Но о чем и о ком в таком случае может идти речь? Для ответа на этот вопрос придется вернуться к Руси-Украине и Литве-Беларуси, подзабытым в последних частях нашего цикла. Благо, именно исход борьбы за них и определит будущее России и значительной части ее пространства и народонаселения.
Часть VII Пост-Велико/Мало/Бело-Русии: новая композиция и новые центры
Но прежде, чем обратиться к теме будущих отношений пространств условных Малой, Белой и Великой Руси (или точнее Русей, так как речь идет о множественной категории), нужно будет сделать важные выводы политико-географического характера, вытекающие из предыдущих размышлений.
Анализируя политическое картографирование и природу Российской Империи и РСФСР-Российской Федерации невозможно не увидеть, что это две разные страны. И не просто из-за отличия в их размерах, но и из-за принципиальной разницы в самой их политгеографической и этногеографической сути.

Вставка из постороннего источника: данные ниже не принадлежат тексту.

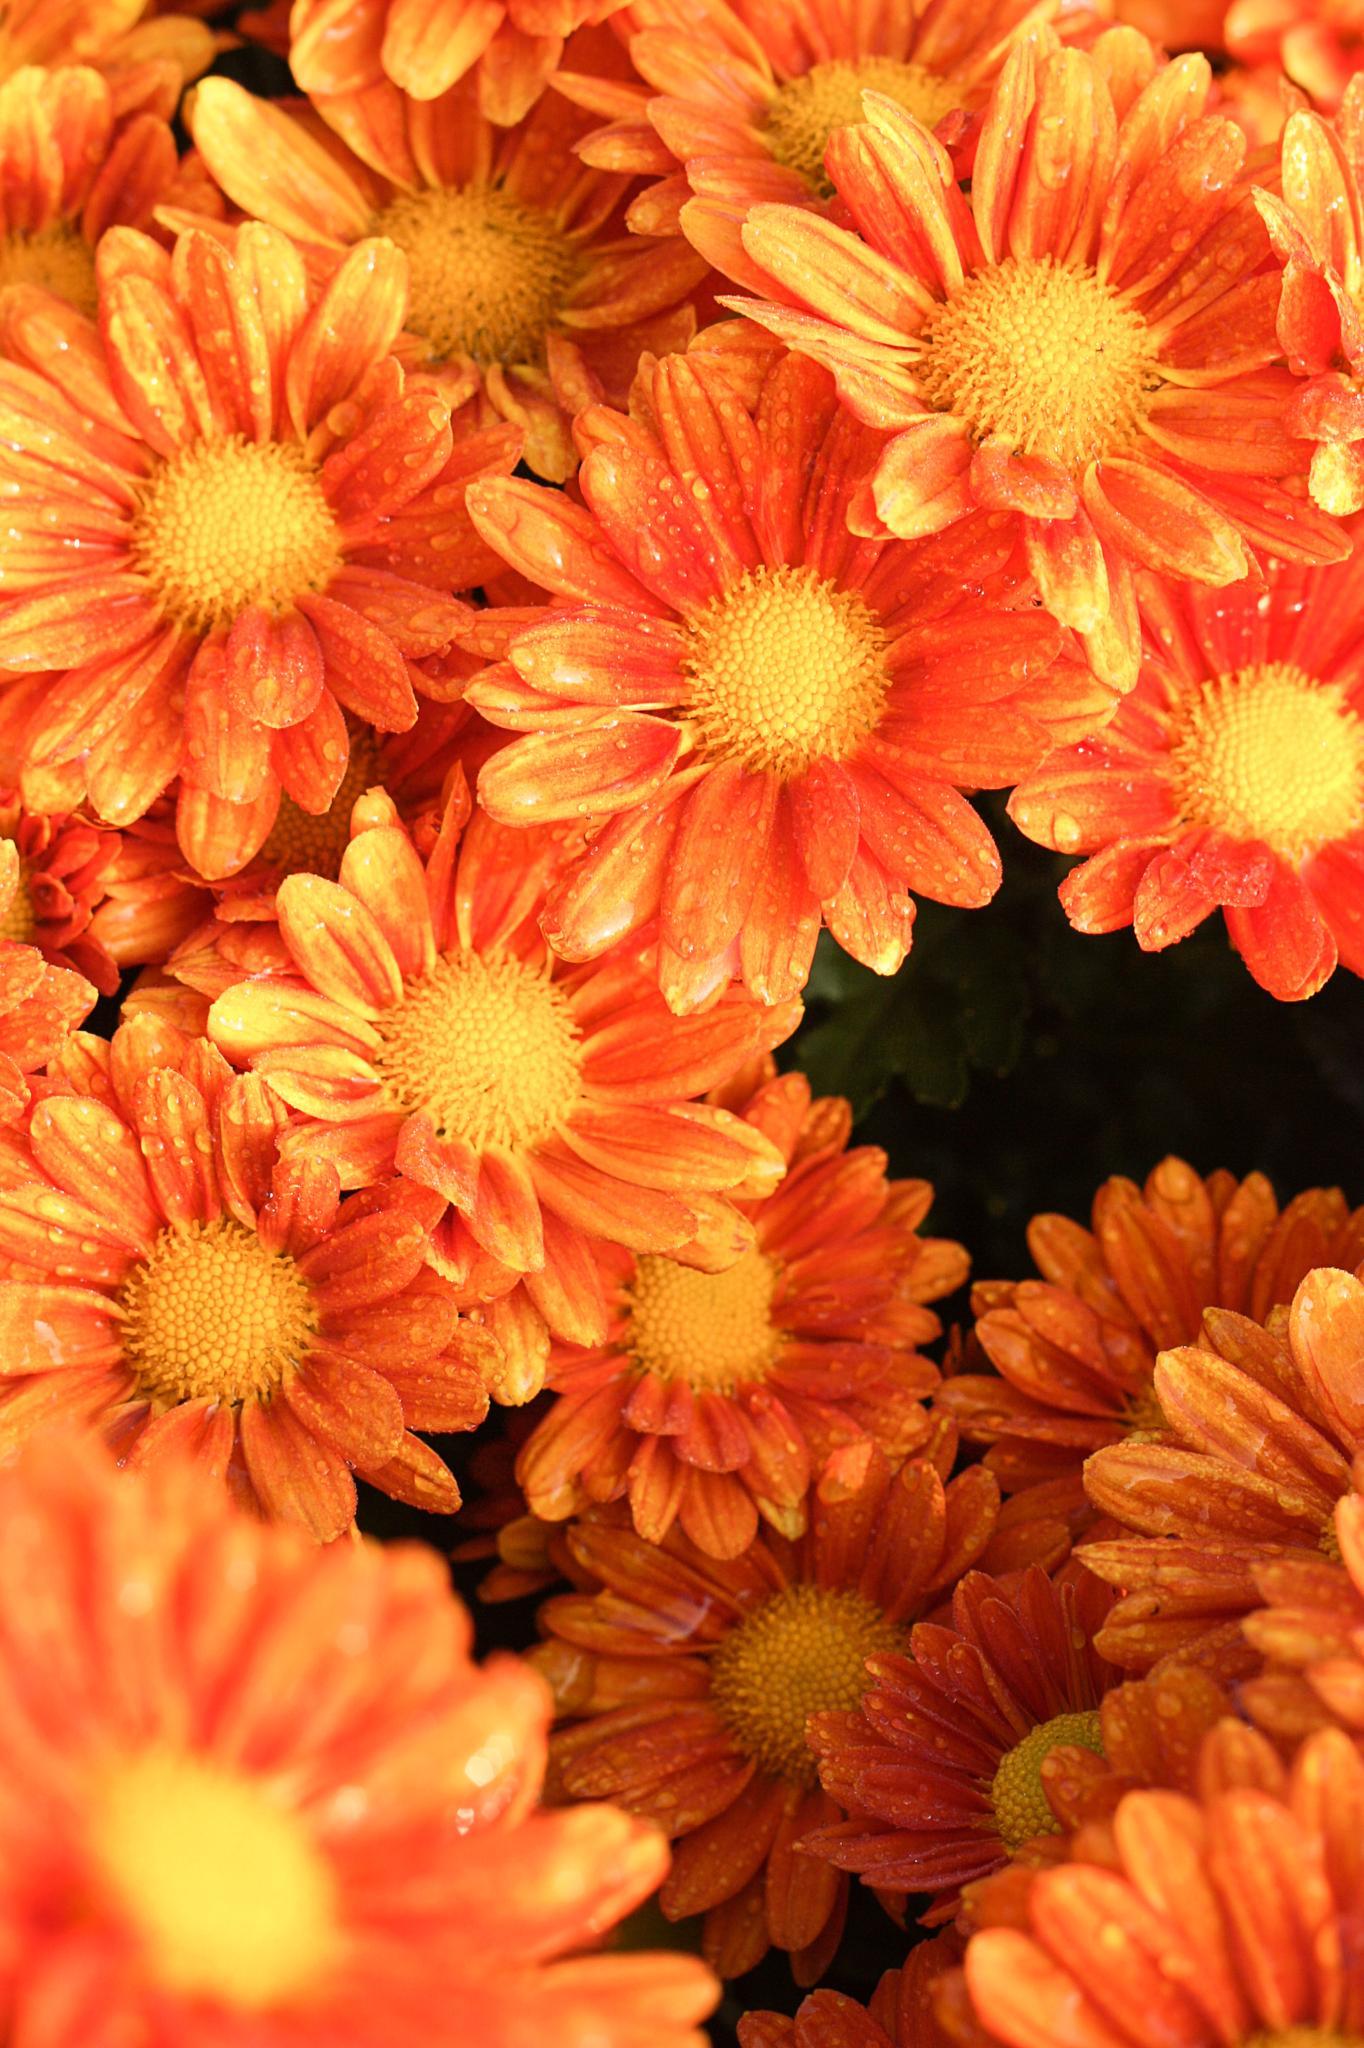 the orange flower  by samrithnalumpoon
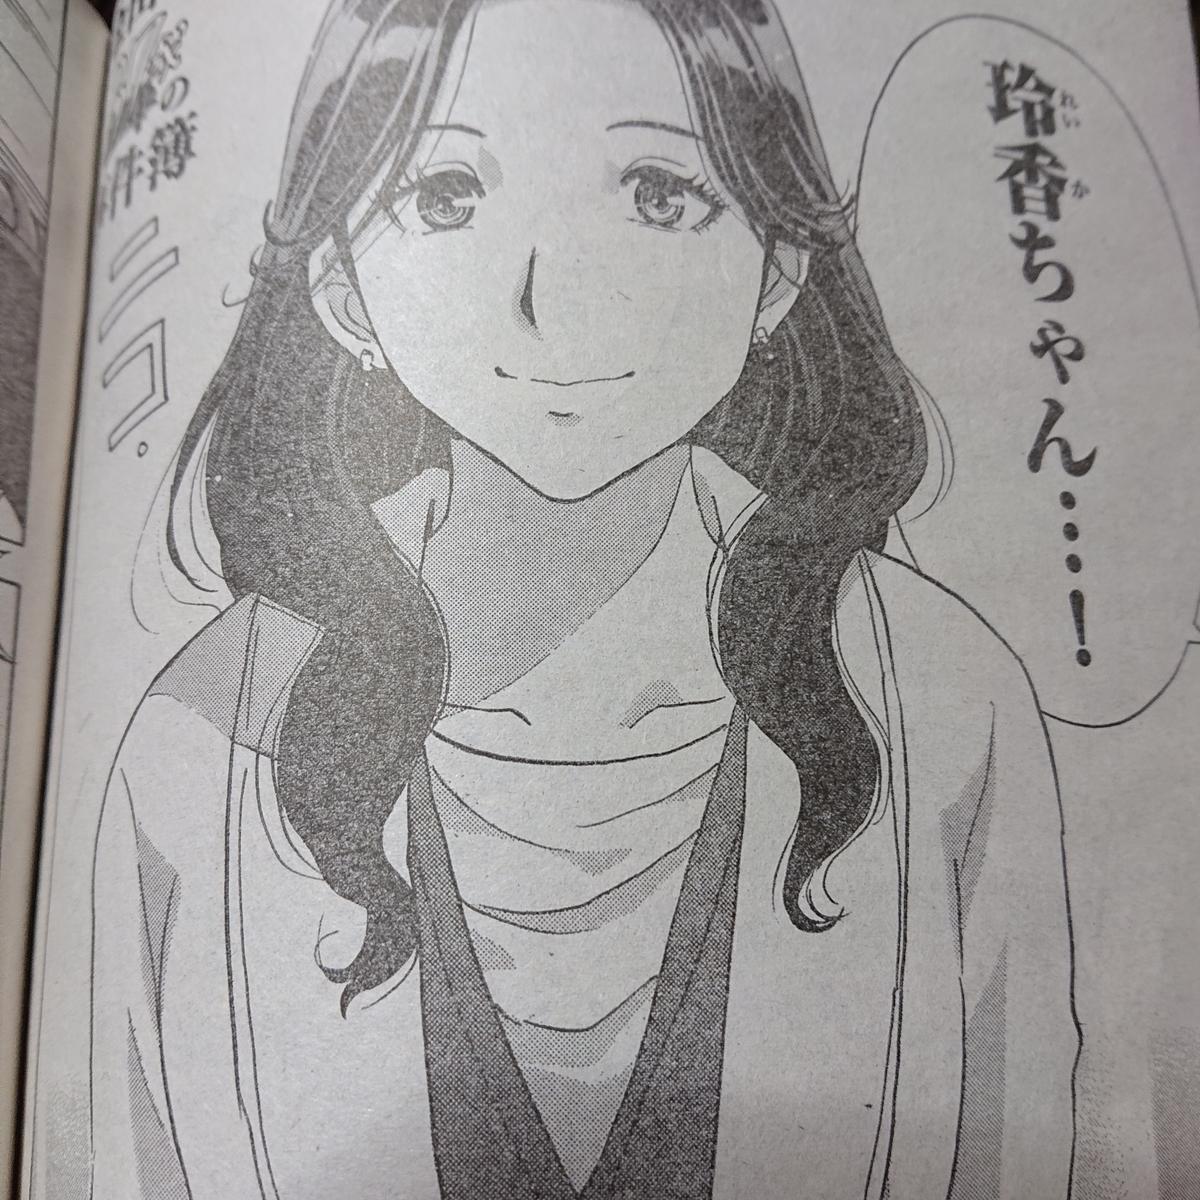 f:id:shikokumimami1:20200211172410j:plain

Российская Империя под конец своего существования в географическом и демографическом отношении была страной, явно смещенной на Запад. Ее столицей был Санкт-Петербург, а Киев, Вильно, Варшава обладали в ней не меньшим статусом, чем Москва. Во главе нее стояла Гольштейн-Готторпская династия и немалая часть ее правящего класса происходила из западных, в том числе остзейских губерний Империи, а то и вовсе из западноевропейских государств. Азиатские губернии Империи в политгеографическом отношении группировались отдельно от Европейских губерний, поэтому у Ярославля, Рязани или Орла было больше общего с Черниговом, Минском, Ригой или Ковно, которые сегодня находятся на территории иностранных государств, чем с Томском, Иркутском или Хабаровском, которые являются частью современной РФ. Еще один общеизвестный среди исследователей данного явления факт — базой дореволюционного политического русского национализма были западные и юго-западные губернии, то есть, опять же территории современных иностранных по отношению к РФ государств, а не «великороссийские губернии», что бы это ни значило.
Даже Советский Союз как Большая Россия отчасти сохранял некоторые из этих паттернов. Евреи в значительной степени заменили в верхах немцев, но тоже были выходцами из западной части страны, иностранной по отношению к нынешней РФ. Сталин был выходцем из территории, не входящей в состав РФ, равно как и многие послевоенные советские руководители имели украинские корни.
Иное дело РСФСР в составе Советского Союза. Говорить о его отдельной республиканской элите в отличие от элит других союзных республик не приходится. Тем не менее в советский период шла консолидация ее территории и ее титульной национальности, в результате чего к концу существования РСФСР Урал, Сибирь и Дальний Восток перестали восприниматься как что-то отдельное от «России», и почти стерлись отличия в самосознании у русского по национальности населения Великороссии, Дона, Кубани, Оренбуржья. Все это очевидно стало предпосылками для обретения РСФСР самостоятельного и целостного политического существования, причем, явно неслучайно и то, что ее создателем стал выходей из центрального для нее, но глубоко периферийного для Российской Империи региона — Урала. Именно в РСФСР-РФ великороссы как основа русских по национальности превратились в естественный центр ее тяжести, игнорирование которого и противоестественный для нее перенос этих центров в избыточные для великороссов регионы привели к фактическому самоуничтожению этого геополитического проекта.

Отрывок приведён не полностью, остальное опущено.